- Directed by: Jules White
- Written by: Felix Adler
- Produced by: Jules White
- Starring: Moe Howard Larry Fine Joe Besser Emil Sitka Harriette Tarler Tony the Wonder Horse
- Cinematography: Ray Cory
- Edited by: William A. Lyon
- Distributed by: Columbia Pictures
- Release date: September 12, 1957 (U.S.);
- Running time: 15:27
- Country: United States
- Language: English

= Horsing Around =

1957 film by Jules White

Horsing Around is a 1957 short subject directed by Jules White starring American slapstick comedy team The Three Stooges (Moe Howard, Larry Fine and Joe Besser). It is the 180th entry in the series released by Columbia Pictures starring the comedians, who released 190 shorts for the studio between 1934 and 1959.

==Plot==
Joe comes across a distressing article in the local newspaper detailing the plight of Schnapps, a circus horse facing potential euthanasia due to injury. However, Moe and Larry urge Joe to redirect his attention to their sister Birdie, whose predicament they deem more pressing. Unbeknownst to them, Birdie is actually the reincarnation of a horse in pursuit of her lost mate, revealed during a breakfast revelation.

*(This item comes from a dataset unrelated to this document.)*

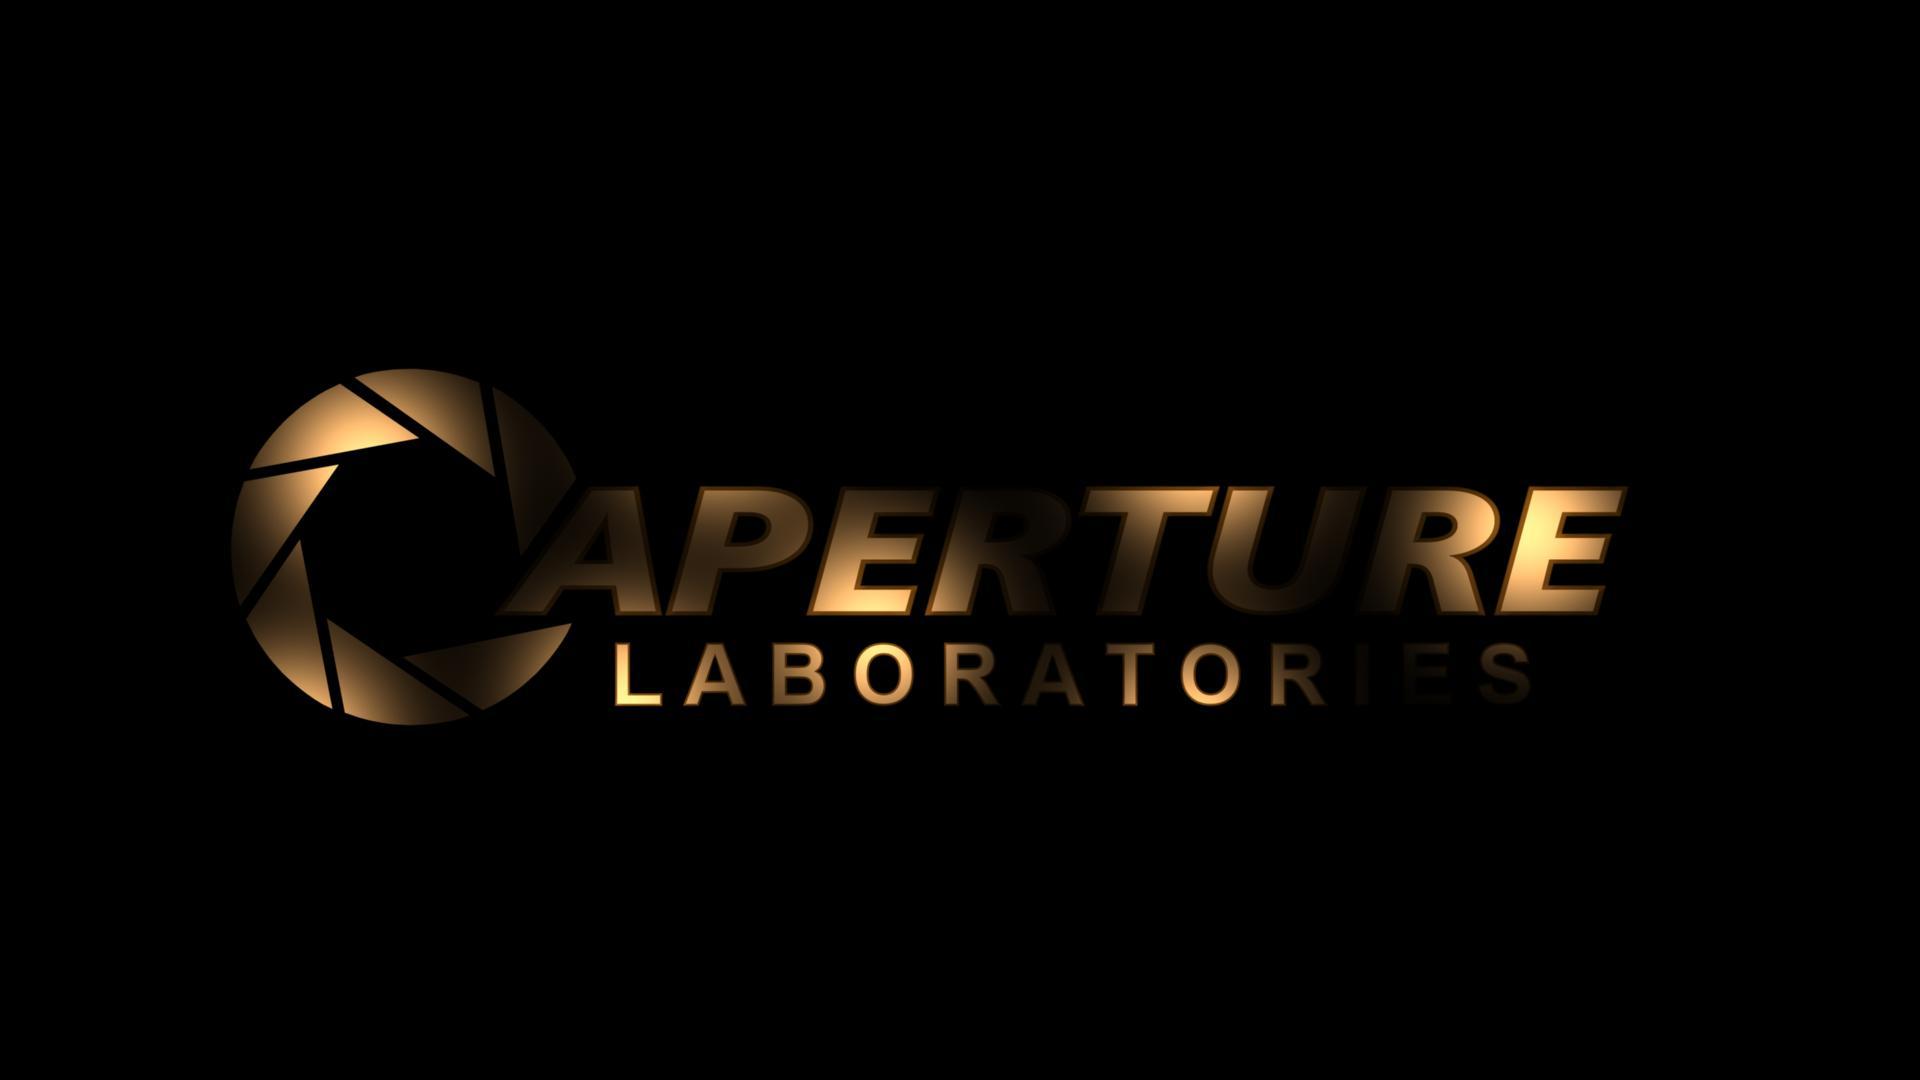 Aperture Science Wallpaper 3 by striker109 on DeviantArt

The Stooges are taken aback upon learning that Schnapps, the horse in jeopardy, is Birdie's long-lost partner. Prompted by this revelation, they embark on a frantic mission to the circus to prevent Schnapps' impending demise. En route, they pause at a cabin to recuperate, where news of Schnapps' fate is broadcast over the radio.

Upon arrival at the circus, the Stooges divide their efforts. Moe and Larry engage in a diversionary tactic, donning a horse costume to distract the caretaker responsible for Schnapps' fate, while Joe locates Schnapps and orchestrates a heartwarming reunion between the two equine companions.

==Cast==
===Credited===
- Moe Howard as Moe
- Larry Fine as Larry
- Joe Besser as Joe
- Harriette Tarler as Attendant's daughter
- Tony the Wonder Horse as Birdie
- Emil Sitka as Circus attendant

===Uncredited===
- Ruth Godfrey White as Birdie (voice)
- Jules White as Radio announcer and man on the street (voice)
- Duke Fishman as Camper

==Production notes==
Horsing Around is a sequel to Hoofs and Goofs. Filming was completed November 19–21, 1956.

Horsing Around features Moe and Larry's more "gentlemanly" haircuts, first suggested by Joe Besser. However, these had to be used sparingly, as most of the shorts with Besser were remakes of earlier films, and new footage had to be matched with old.